Anyway. I've been working up to trying to learn to paint for about a year, I've had the paint for about a month, and after a few weeks of having to go and buy something else (can't start without the right brush...can't start without the right paint...can't start without the right thinners...can't start without the right weather...can't start without the right radio programme...yes I do have a problem with procrastination), I finally sat down and painted a lemon. And it wasn't completely awful. It was even bearable. Which was what I was aiming for, because I keep telling myself that I am just practising, so I can get better. I do not have to be good at it, I do not have to produce anything that someone would put on a wall. I am learning.

Flushed with my success I decided to attempt multiple lemons. If one lemon is good then surely three lemons will be three times good.
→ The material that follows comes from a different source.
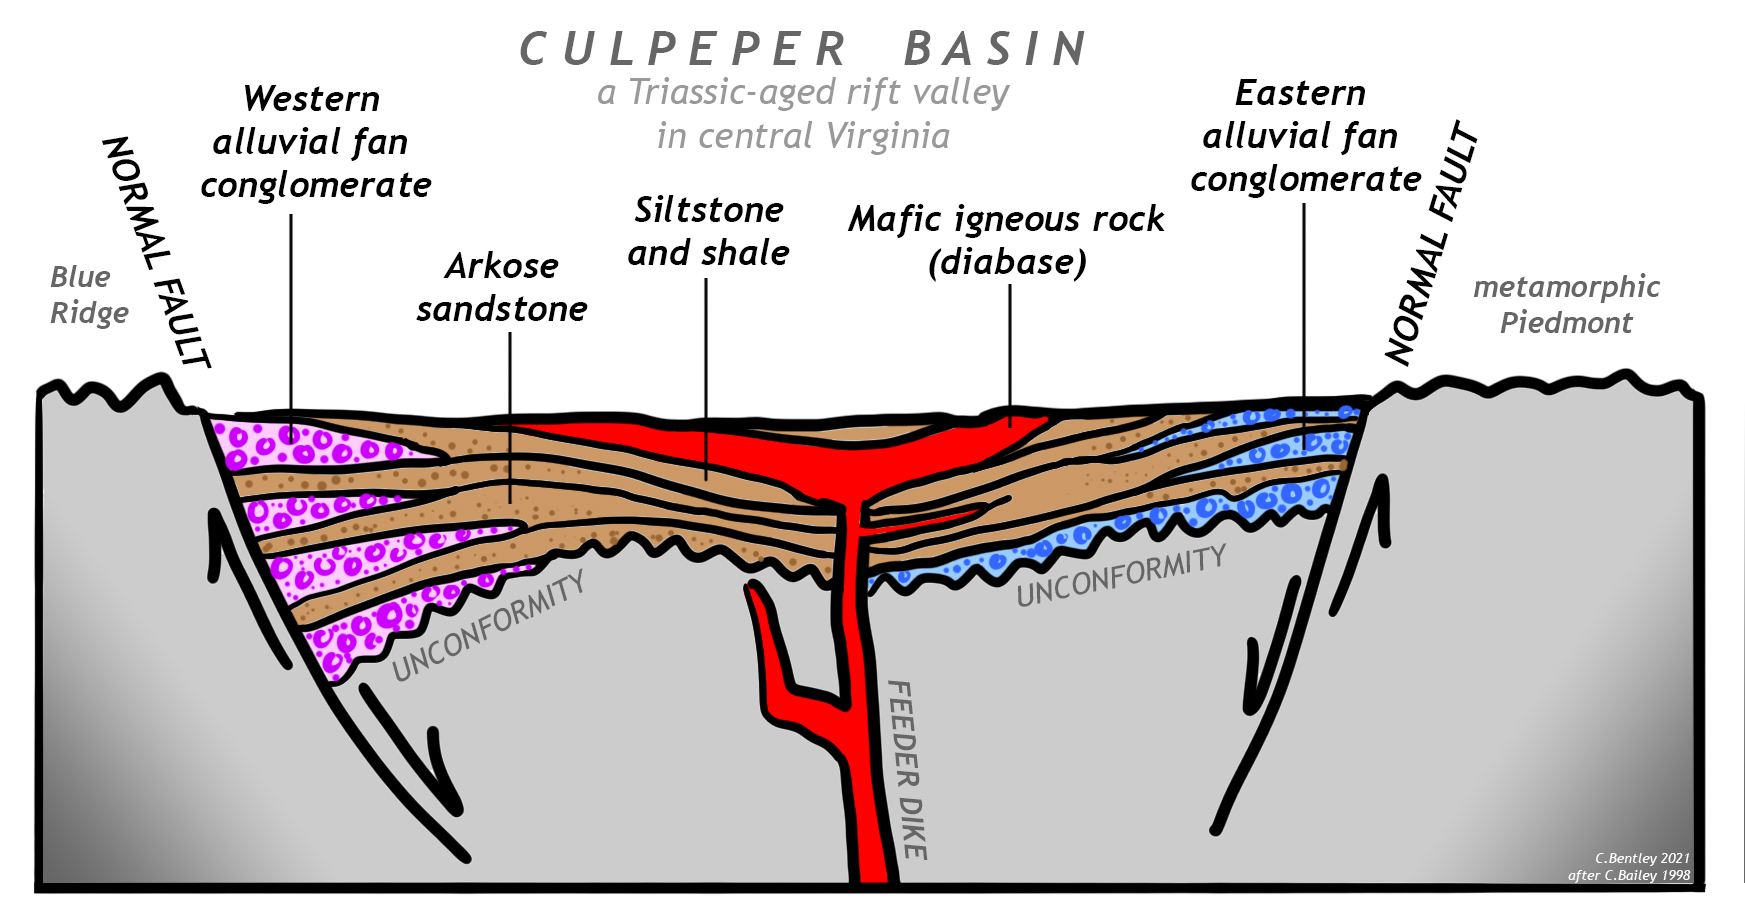 Cartoon cross-section of the Culpeper Basin, a Triassic-aged rift valley in central Virginia. The cross-section shows the valley flanked by two normal faults: it is a central down-dropped "graben." At the bottom of all the sedimentary rocks filling the rift basin is an unconformity. West of the western fault is the Blue Ridge. East of the eastern fault is the metamorphic Piedmont. The rift basin is coarsest at the edges, with wedge-shaped deposits of alluvial fan conglomerate reaching out into the basin. The composition of the eastern conglomerate is different from the composition of the western conglomerate. Arkose sandstone flanks the conglomerate, but in the middle of the basin is the finest sediment: shale and siltstone. Cutting through all of these clastic sediments is a prominent central mafic igneous intrusion. A feeder dike reaches up and intrudes sills parallel to sedimentary layering. It is labeled "Mafic igneous rock (diabase)")

So this Saturday afternoon I found myself arranging lemons in a bowl, and lost in the cul-de-sac of perfectionism. After 45 mins of changing bowls, changing the order, adding an apple, taking away an apple, thinking about a flower, putting the lime on top, putting the lime at the back, putting the lime on my head, learning to put on liquid eyeliner, drinking two cups of tea, thinking I should wait until strawberries are in season, I finally realised I was obsessing about lemon perfection and remembered that I am just practising. Repeat: I am JUST PRACTISING. It does not need to be perfect. The arrangement is not the thing. At which point I hit upon a brilliant wheeze.

I got my husband to arrange the lemons. I agreed with him that he would arrange the lemons and I'd paint them. Admittedly I changed them about a bit (control freak), but it worked! He did the lemons, I was OK with it, and soon I shall be South East London's Premier Lemon Painter.